Joseph Arthur singles chronology
| "Chemical" (2000) | "In the Sun" (2000) | "All of Our Hands" (2005) |

= In the Sun (Joseph Arthur song) =

"In the Sun" is the second single from Joseph Arthur's second studio album Come to Where I'm From, though the song had been performed during his live shows as early as 1996.

==Release==
The single was released in the UK and Europe on April 23, 2001, via Real World Records and Virgin Records.

A music video was produced for the song, directed by Anton Corbijn. The video is featured on the Directors Label series DVD The Work of Director Anton Corbijn.

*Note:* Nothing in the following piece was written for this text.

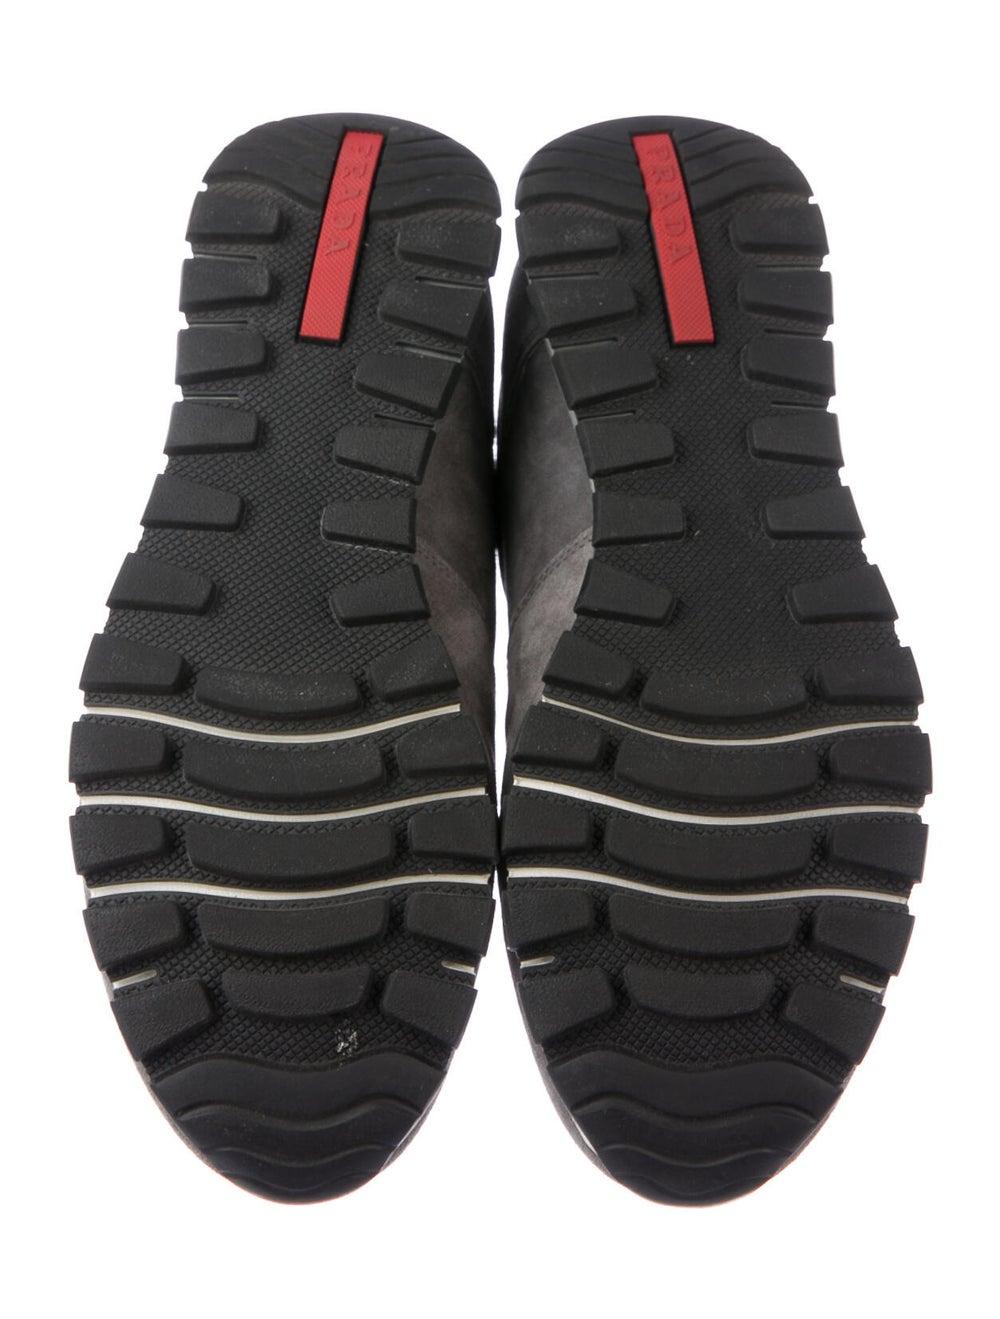 Prada Sport Suede Sneakers Grey - image 5

On February 14, 2008, Joseph Arthur and his band The Lonely Astronauts performed "In the Sun" live on the Late Show with David Letterman.

==Track listing==
CD
1. "In the Sun" (Edit) – 4:08
2. "The Other Side" – 3:15
3. "Cocaine Blind" – 3:19

7" vinyl (US white label promo)
1. "In the Sun" (Edit) – 4:08
2. "Speed of Light" – 4:30

US promo CD
1. "In the Sun" (Edit) – 4:08
2. "In the Sun" (Album Version) – 5:37
3. "In the Sun" (Call-Out Hook #1) – 0:10
4. "In the Sun" (Call-Out Hook #2) – 0:10
- Tracks 5–23: Interview with Joseph Arthur, March 6, 2000 (interviewed by Bart Lipton in Los Angeles)

==Use in films==
The song appears in the TV series' Scrubs (episode "My New God") and Grey's Anatomy (episode "It's the End of the World)", in the 2004 comedy film Saved! and in the alternate ending to the 2002 action film The Bourne Identity.

==Cover versions==

===Michael Stipe===

In 2005, Michael Stipe of R.E.M. recorded a cover of the song with producer James Iha for a Hurricane Katrina relief benefit EP released exclusively through the iTunes Store. Stipe recorded "In the Sun" with Chris Martin of Coldplay and Joseph Arthur himself. Additionally, a remix was provided by Justin Timberlake and will.i.am. This cover of the song was originally featured in the Grey's Anatomy season 2 episode "It's the End of the World".

===EP track listing===
1. "In the Sun" (with Chris Martin) – 4:56
2. "In the Sun" (JAW Breakers Remix by Justin Timberlake and will.i.am) – 5:13
3. "In the Sun" (with Joseph Arthur) – 4:58
4. "In the Sun" – 4:55
5. "In the Sun" (Live on Austin City Limits with Coldplay) – 3:40
6. "In the Sun" (Live Acoustic Couch Rehearsal with Joseph Arthur) – 5:53

===Other cover versions===
- Peter Gabriel, on the tribute album Diana, Princess of Wales: Tribute (1997). Since Joseph was on Peter Gabriel's Real World label at the time, Joseph allowed the song to be covered by Gabriel even though Joseph himself had yet to record the song for Come to Where I'm From. The song also appears on Gabriel's album of rarities Flotsam and Jetsam.
- Donna De Lory, on her album In the Glow, released by Secret Road Records.
- Howie Day, uncredited, over the ending credits of the film Saved!.
- Aron Wright, featured in season 11 of Grey's Anatomy during the episode "She's Leaving Home".